Sigifredo Noriega Barceló, obispo de la Diócesis de Zacatecas manifestó a propósito de estos tiempos electorales, la ausencia de Dios puede traducirse en una mala elección y política pública que des­encadene en maldad.

“Una mala política se puede convertir in­cluso hasta en maldad”, porque, advirtió, la ausencia de Dios tiene sus consecuencias.

Refirió que el próximo domingo son las elecciones, ante ello, la invitación para la población es para que participe, porque el voto es un derecho, “pero también tomémoslo como una responsabilidad para elegir a gobernantes, y de alguna manera elegimos el tipo de país, estado o municipio”.

Por eso es la importancia, de una de­mocracia que todos tenemos una palabra que decir, y en esta ocasión es a través de la sencillez, pero al mismo tiempo de la grandeza de un voto”.

“Los invito a organizarse para celebrar la eucaristía, pero organícense en sus dife­rentes horarios.
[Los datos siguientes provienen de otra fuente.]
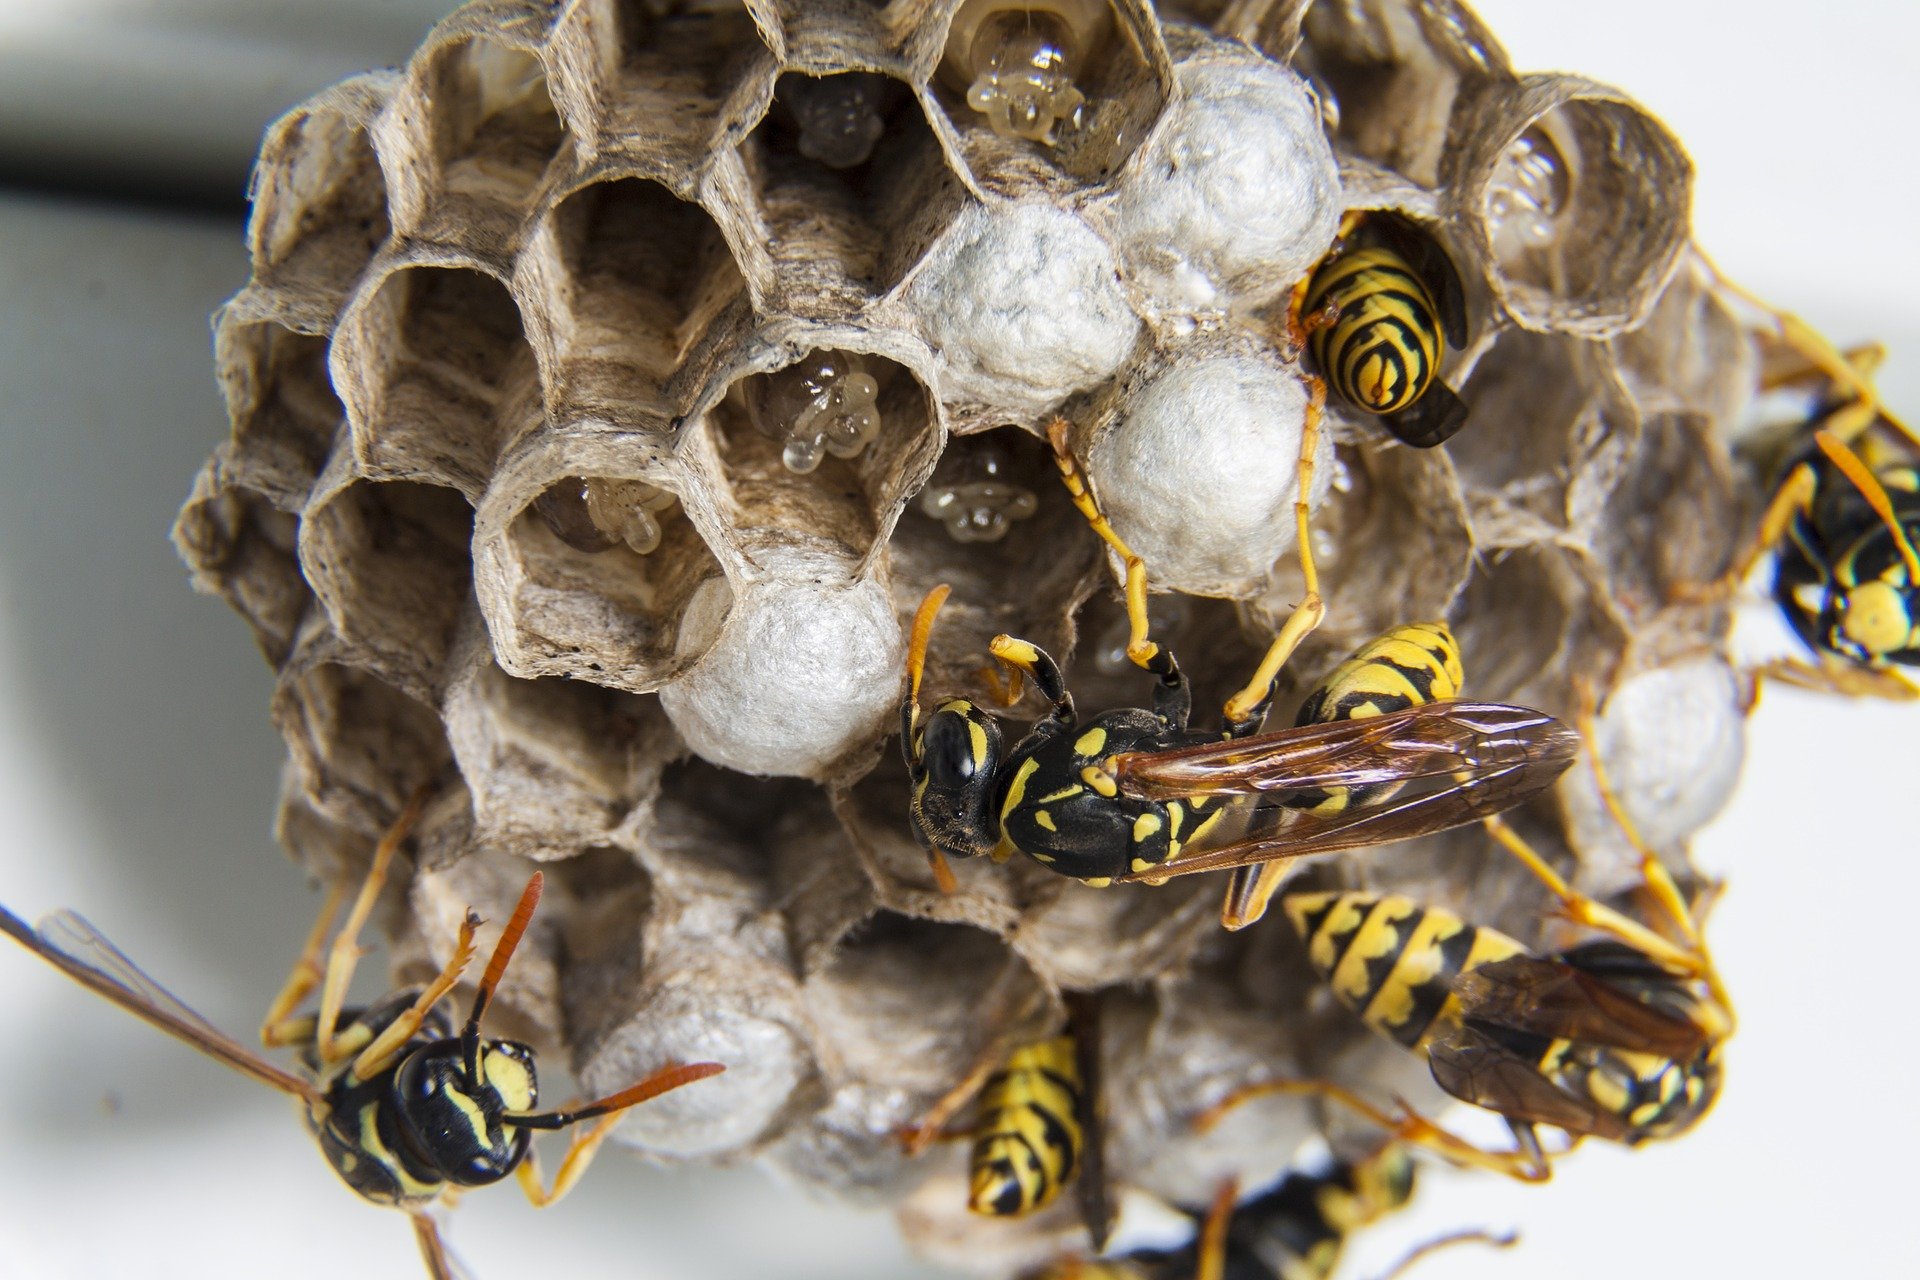 wasps building their nest

Deseo un feliz fin de mes y un gran inicio del sexto mes del año”, precisó monseñor Sigifredo.

“Pidamos al Señor que aumente nuestra fe para que su presencia nos haga caminar seguros, nos haga construir pueblo, que nos de la seguridad de que está con nosotros en la travesía de la vida”, agregó.

Durante la homilía dominical expuso que creer en Dios tiene consecuencias en la visión y el compromiso vida, con una fe que tiene que crecer, la cual tiene que aumentar para que incremente el amor hacia el prójimo.

“La fe en Jesucristo es un don natural y una respuesta para caminar seguros en la vida, no solamente a la causada por la violencia, sino la inseguridad causada por la ausencia de Dios, esa es la causa de los males que hay en nuestro tiempo”, precisó.

En estos tiempos es más difícil creer en Dios y es más fácil construir un Dios a nuestra manera, el creer en Dios es un don que nos da Jesucristo con el aumento de fe, amor y esperanza, finalizó Sigifre­do Noriega.